On this morning's walk we were greeted with a smile.

And a mama duck with her ducklings.

Although we got sprinkled on, all and all, it was a beautiful morning.



Friday, May 2, 2014

Surgical Solution

"Insanity: doing the same thing over and over again and expecting different results." ~Albert Einstein,

Hot Doctor sent me to a Neurosurgeon (Hot Shot Doctor, hehe).  At first, Hot Shot Doctor was very discouraging of the possibility of surgery.  He asked me what other treatments I had tried and suggested trying them again.

Not being insane, I wasn't too keen on doing things that didn't work over again.  Physical therapy was months of (not cheap) appointments several times a week that, while they did some good in the short term - think hours - in the long run they were completely unsuccessful.  I didn't really like the idea of wasting that much time on something so completely unhelpful...again.

So he sent me for a series of x-rays requiring my neck and shoulders to be twisted this way and that, and hold....keep holding... 

OUCH!

After reviewing the x-rays, he finally decided the surgery MIGHT help.  Probably not completely but possibly a significant reduction in pain levels.


18 year of pain, slowly getting worse...I'll take it.

I have to finish up some projects at work (my real job) before I can take the time off, so it will be about a month or so before I can actually do the surgery.

The worst part is the recovery.  THREE MONTHS(!!!) to full recovery.  Don't lift anything, including my arms, over my head.  And no photography..........

This better be worth it.

Tuesday, April 15, 2014

Blooming Bluebonnets

“Guys always think tears are a sign of weakness.

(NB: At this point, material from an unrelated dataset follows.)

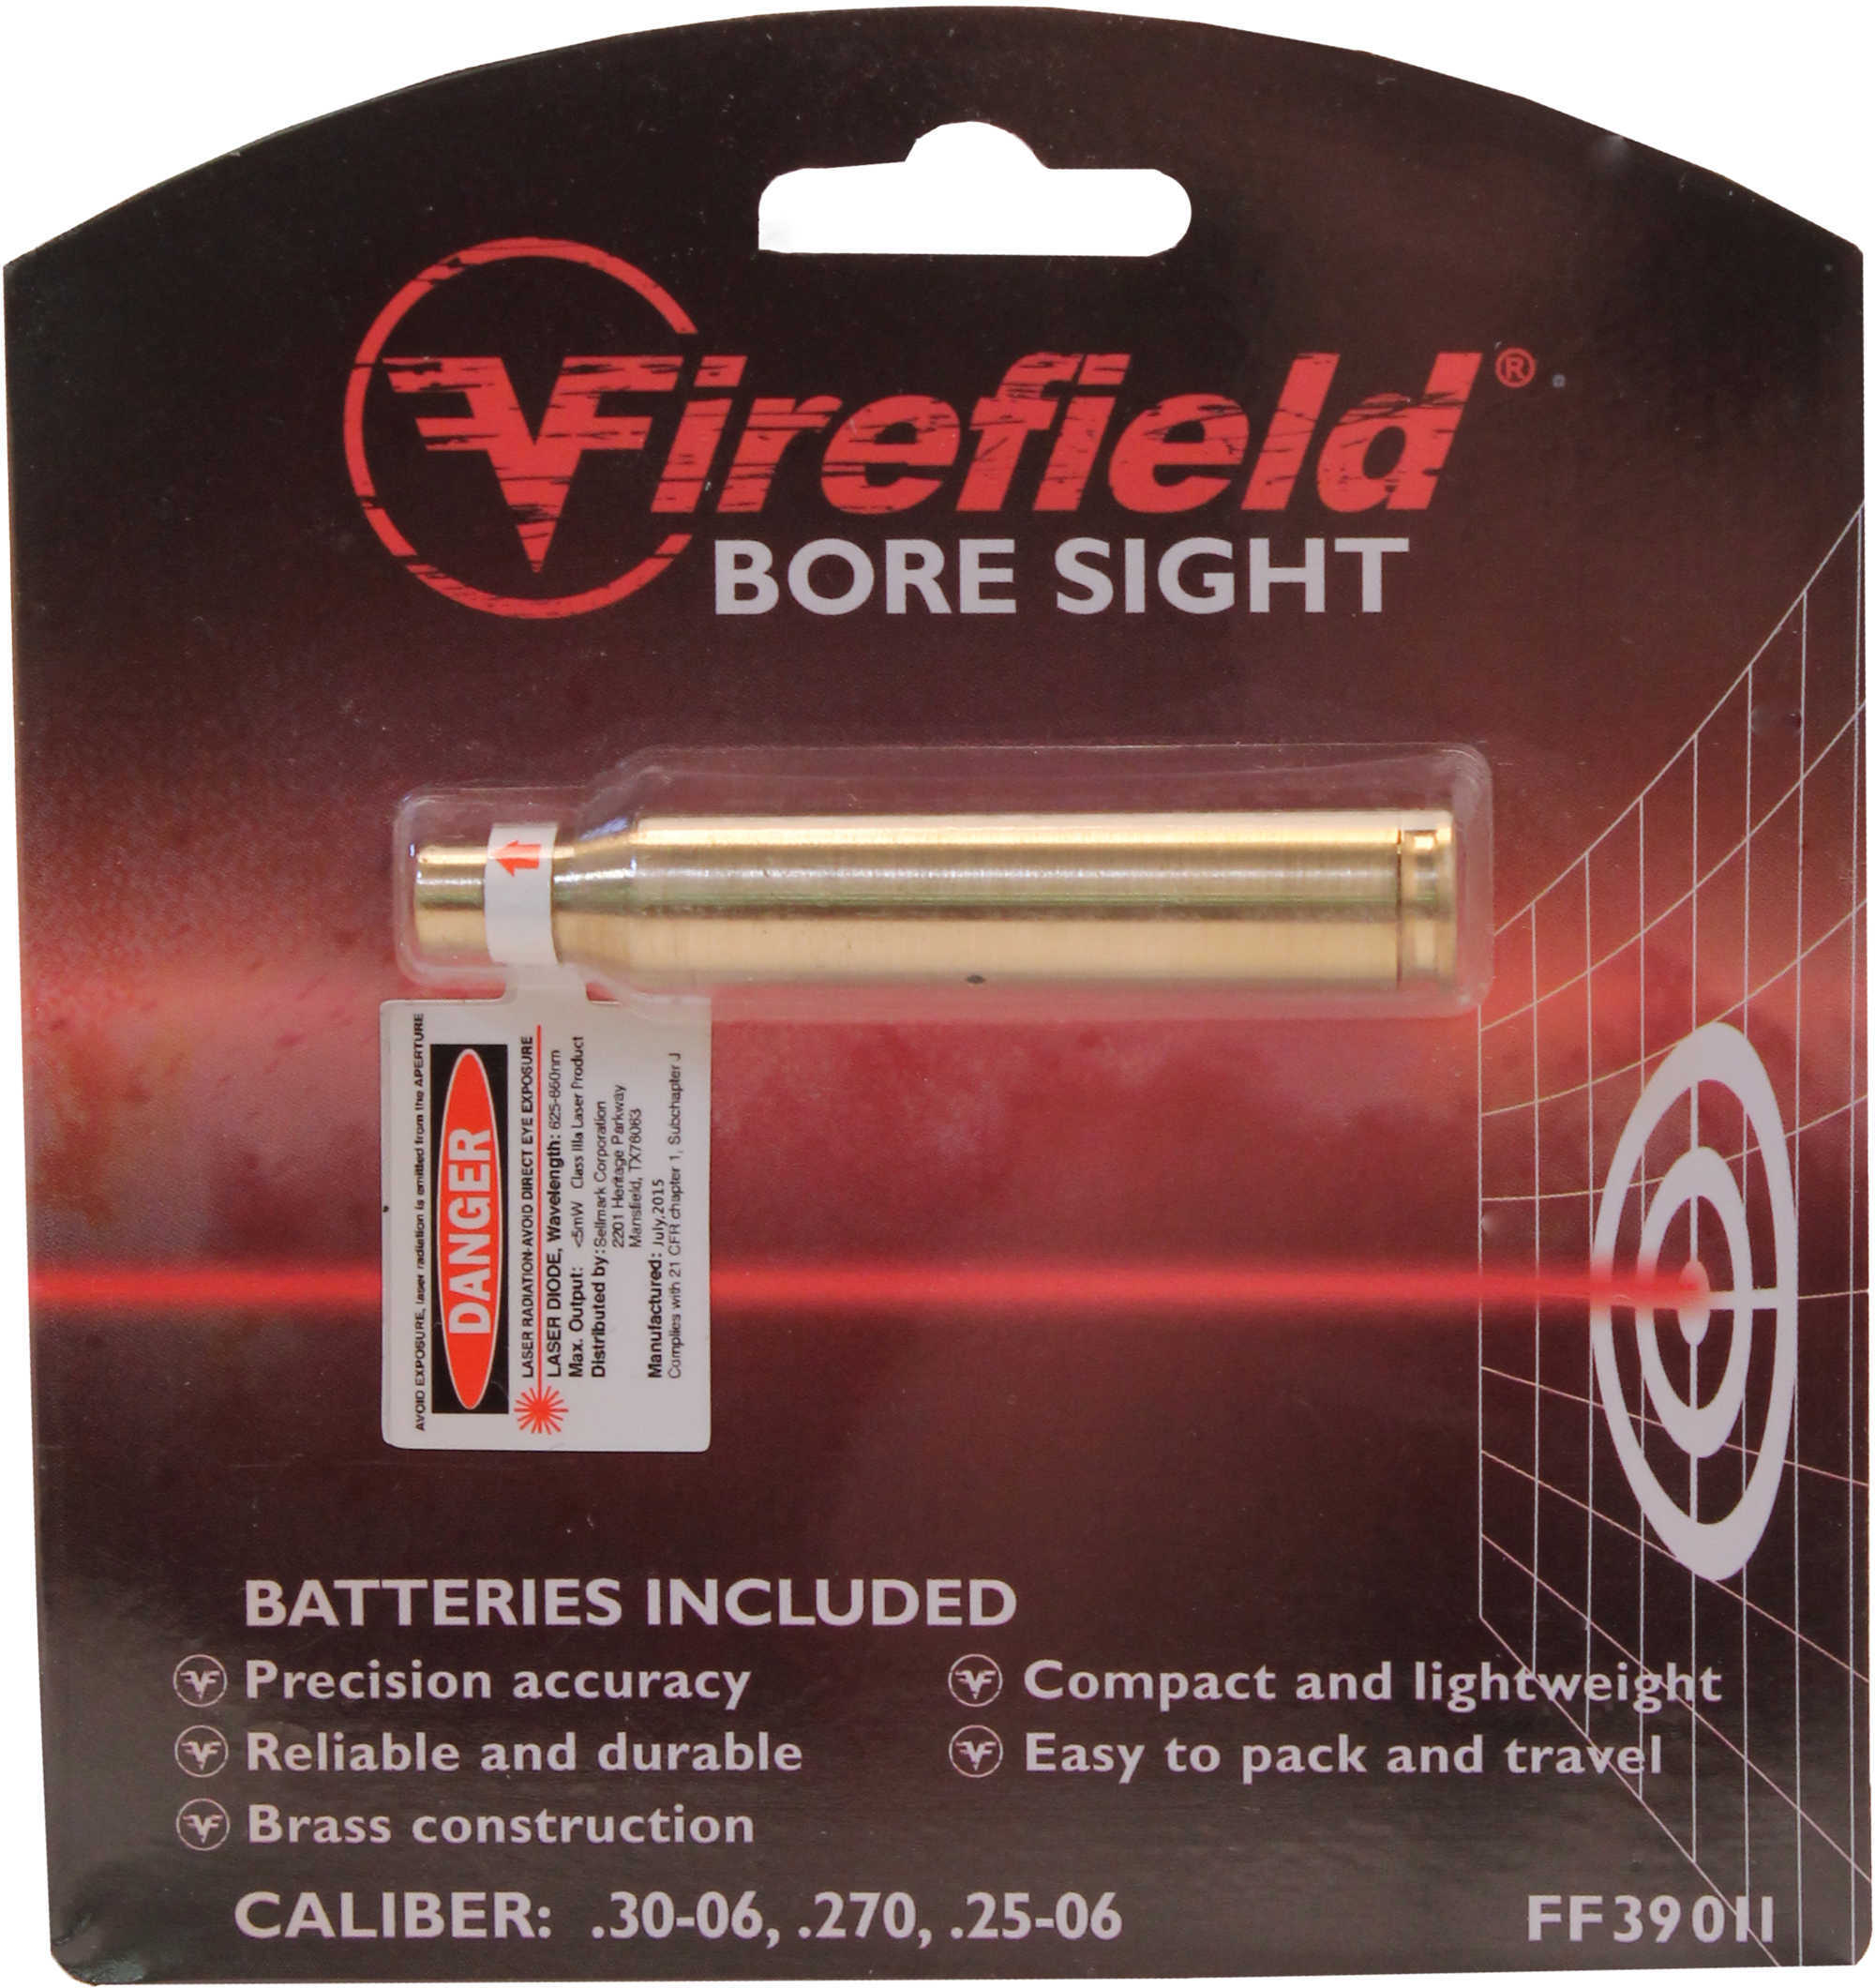 Firefield .30-06 In Chamber Red Laser Brass Md: FF39011

They’re a sign of FRUSTRATION. She’s only crying so she won’t cut your throat in your sleep. So make nice and be grateful.” ~Donna Barr
 

I went Bluebonnet hunting last weekend.  They are beginning to bloom, but it was unfortunately a stormy weekend.  I wasn't rained on but the sky was gray and overcast and the light was not great.  Murphy's Law and an amateur mistake, I was so fast out the door early in the morning, I didn't realize I forgot my tripod.  I did manage to get a couple decent shots.  I'm hoping this weekend will be better.



I was rear-ended in February and I finally got my car into the shop.  Dealing with the insurance company of the woman that hit me has been an exercise in frustration.  They refuse to accept the bills from the body shop and insisted on sending me a check based on their appraiser's estimate.  I'm hoping the body shop will have an easier time with them because the actual repair estimate is, so far, twice what they sent me.  What a hassle.

 
So I'm zipping around in a little rental car, thanks to which I almost fell on my face.  Used to my SUV, I was expecting a lot more space between myself and the ground when I stepped out of the car.  Of course, I'll get used to that and then get in my SUV again and fall out when the ground is LOWER than I now expect!  The nature of my life.

Thursday, April 3, 2014

Post-Surgical Injection

"Let me recommend the best medicine in the world: a long journey, at a mild season, through a pleasant country, in easy stages." ~James Madison

Another injection into my neck on Monday.  I didn't think too much of the fact that it was going to be performed in a surgical suite instead of the doctor's office this time.  I should have.  It danced to the tune of the difference between an office visit co-pay and an out-patient surgical deduction.  Several hundred dollars difference!  Still the same amount of post needle soreness.  And apparently still the same resumption of chronic pain once that wore off.  Not much to show for several hundred dollars.  On the plus side, I did have the same oh so handsome surgical staff.

It's amazing how much junk piles up when you check out of daily life for a few days.  It's taking me longer to catch up than I took off to begin with.  Sigh.

I'm also feeling the lack of morning exercise.  I've found that a walk every other morning does wonders for my daily energy level and general outlook on life.  But I am resuming my walks tomorrow morning. And even better, I should also be able to resume my herbal remedies soon so the pain level should drop shortly thereafter.

I guess I'm going to have to take a serious look at full-blown spinal surgery.